架子床裡光線柔暗,只有彼此,隱秘的氛圍就像兩人情義,旁人不會明瞭。兩條腿被分開,那道傷就在那已結痂,沒有骯髒的慾望,只是裴承權心疼的一具身體。

甚麼都沒有了。

趙清和頭轉過一側,羞憤充斥著胸膛。始終不願接受的事實顯露出來,緊閉著雙眼不敢看對方的反應。

下一瞬間,一個溫熱的觸感貼了上來。

“髒!”趙清和驚慌失措喊出聲,傷被對方親上,兩條腿要踢時又被按住。

太過羞臊,他覺得裴承權瘋了。

“那裡不行,你怎麼能…裴承權!”就算沒有傷,他也沒想過…,臉徹底紅透,慌亂急躁地阻止對方:“別,你別這樣。”
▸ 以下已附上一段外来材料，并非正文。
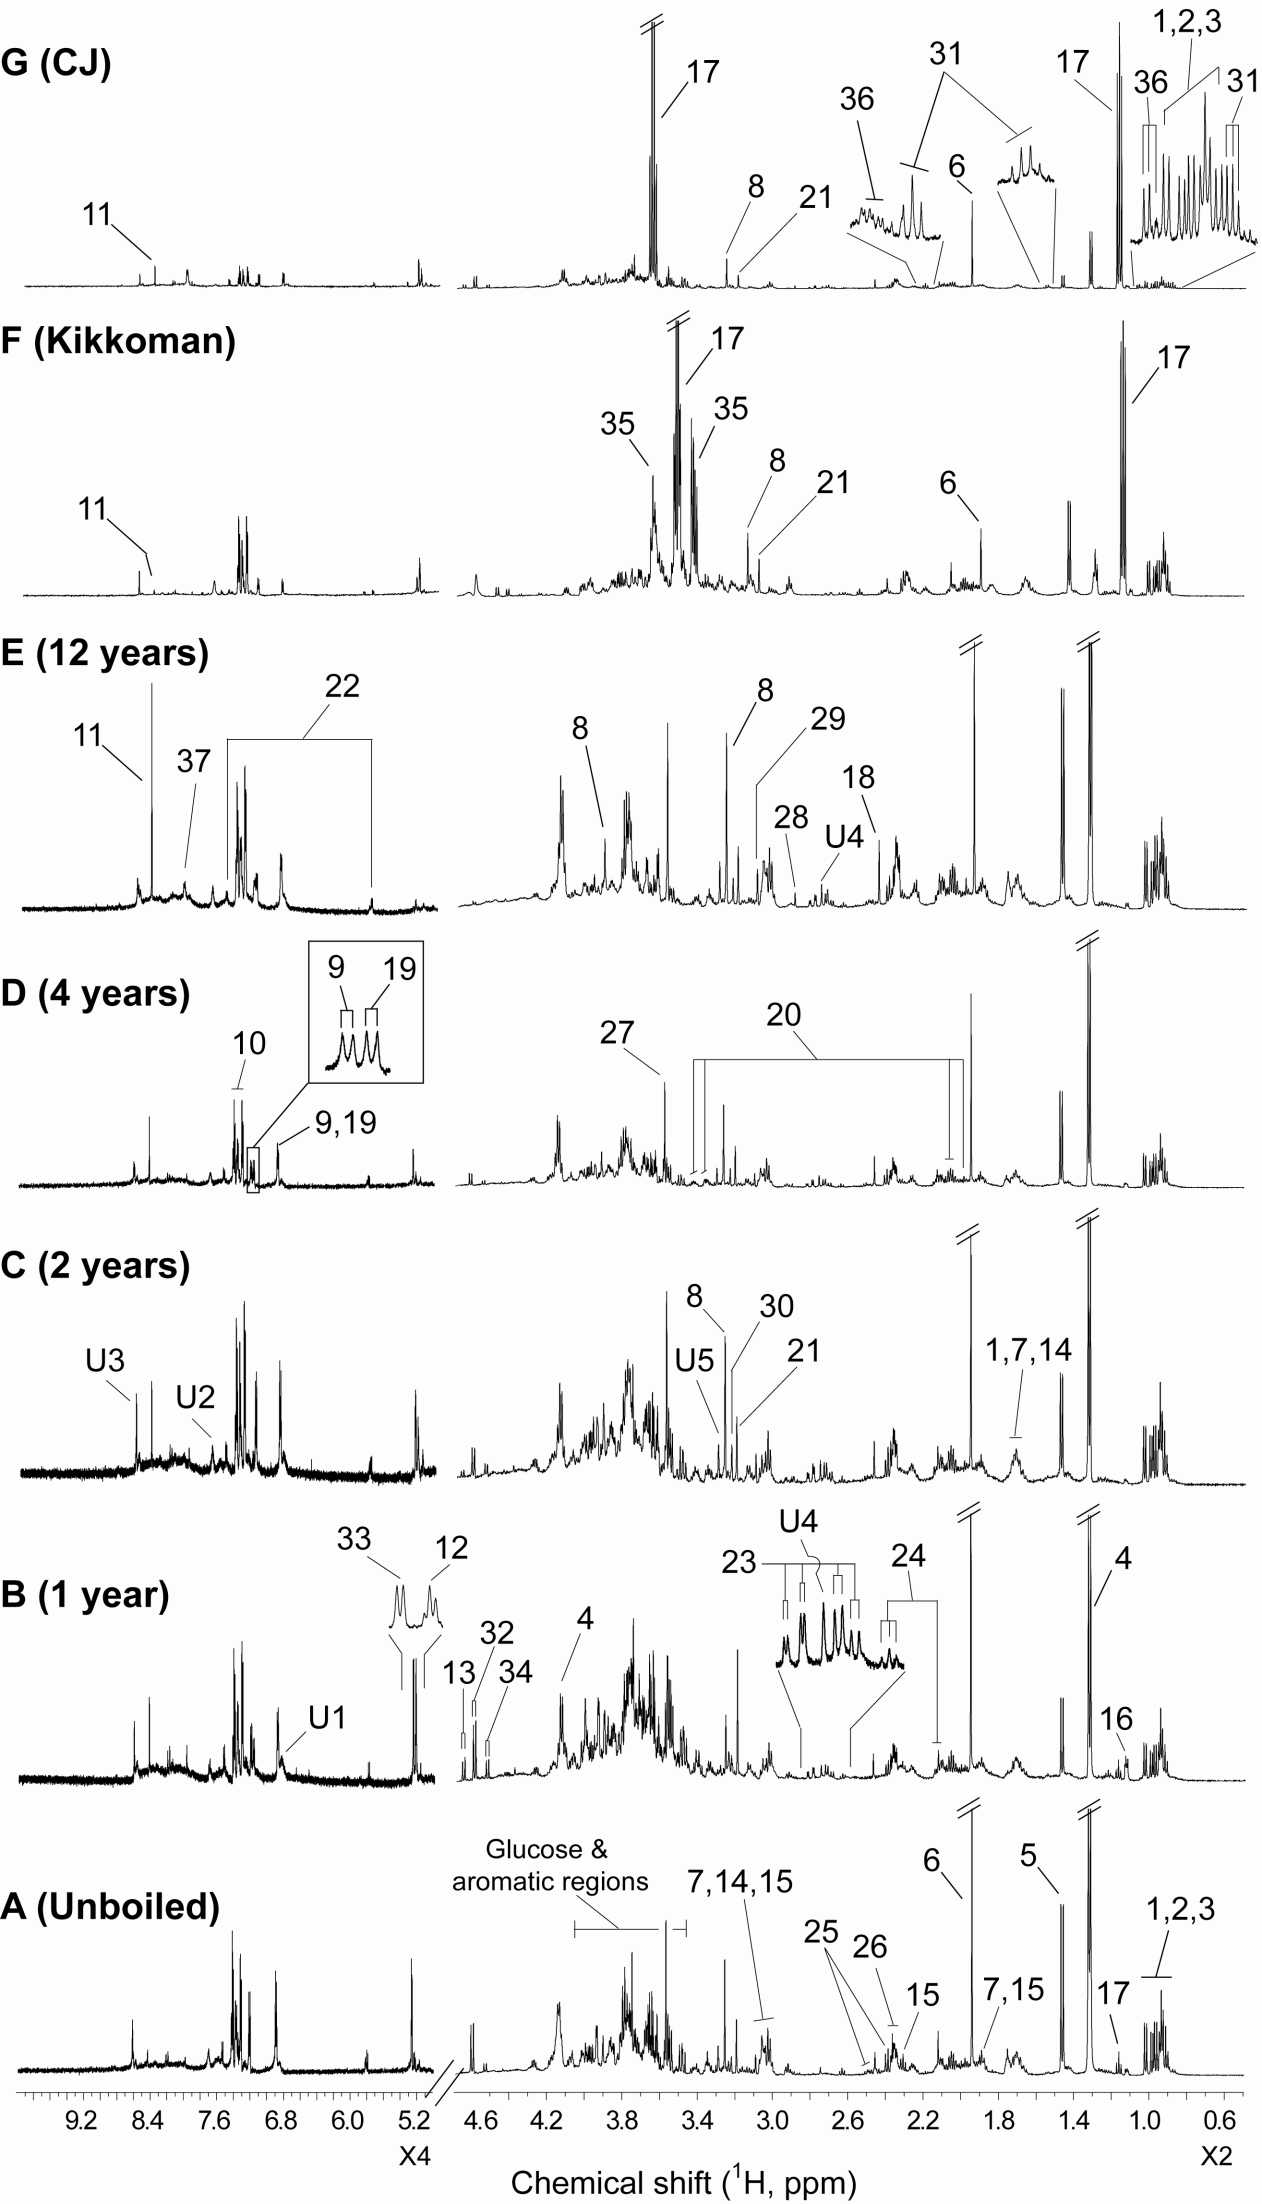 A typical 600MHz 1H NMR spectra of soy sauces unboiled (A) and aged for 1 year (B), 2 years (C), 4 years (D) and 12 years (E) obtained from traditional Korean manufacturer. F and G represent commerciallyavailable soy sauces obtained from CJ and Kikkoman, respectively. Unpasteurized soy sauces were aged for 1 year. Key: 1, leucine; 2, isoleucine; 3, valine; 4, lactate; 5, alanine; 6, acetate; 7, arginine; 8, betaine; 9, tyramine; 10, phenylalanine; 11, formate; 12, α-glucose; 13, β-glucose; 14, lysine; 15, γ-aminobutyrate (GABA); 16, fucose; 17, ethanol; 18, succinate; 19, tyrosine; 20, proline; 21, choline; 22, uracil; 23, aspartate; 24, methionine; 25, pyroglutamate; 26, glutamate; 27, glycine; 28, trimethylamine; 29, malonate; 30, phosphocholine; 31, butyrate; 32, oligosaccharide (O1); 33, oligosaccharide (O2); 34, oligosaccharide (O3); 35, glycerol; 36, propionate; 37, hypoxanthine; U1, U2, U3, U4 and U5, unknown

“不髒。”俯下身的裴承權對著輕輕吹了一口氣,沒甚麼味道,只是淡淡的血腥一點肌膚的味道。他將瓷瓶的藥倒在指尖,慢慢觸碰一道長傷,有頭髮的遮擋趙清和看不見對方的表情,但他快被羞恥吞沒了。

藥膏很涼,塗上去緩解不少不舒服。

弄完,裴承權倒在床上只是安靜地抱著對方,貼在耳邊時不時輕親著人耳廓。

很癢…

破鏡重圓,裂縫只是對合上。趙清和在這幾天也想明白了,之前過不了心裡的坎,面對不了裴承權,剛才對方揮刀的架勢,他有八成信對方的無辜。

現在的自己無權無勢,血債需要血償就要依附上一個人。

“…別鬧我。”趙清和手肘碰了碰身後的人,倆人好久沒同床共枕,時間好像又回到對方剛立王府的光景,無拘無束。

冷靜下來,趙清和也是緩解氣氛問到:“登基的事安排在哪天了?”

提及這個,裴承權長嘆一口氣:“沒定下來。”

“我聽馮公公說旨意都下來了,新帝登基是重中之重,怎麼還沒定?”

現在是小夫妻的私房話,裴承權樂意與對方談心,甚至說他喜歡這樣。若非談話內容是皇權朝堂,單這情況只是一對夫妻的秉燭夜話。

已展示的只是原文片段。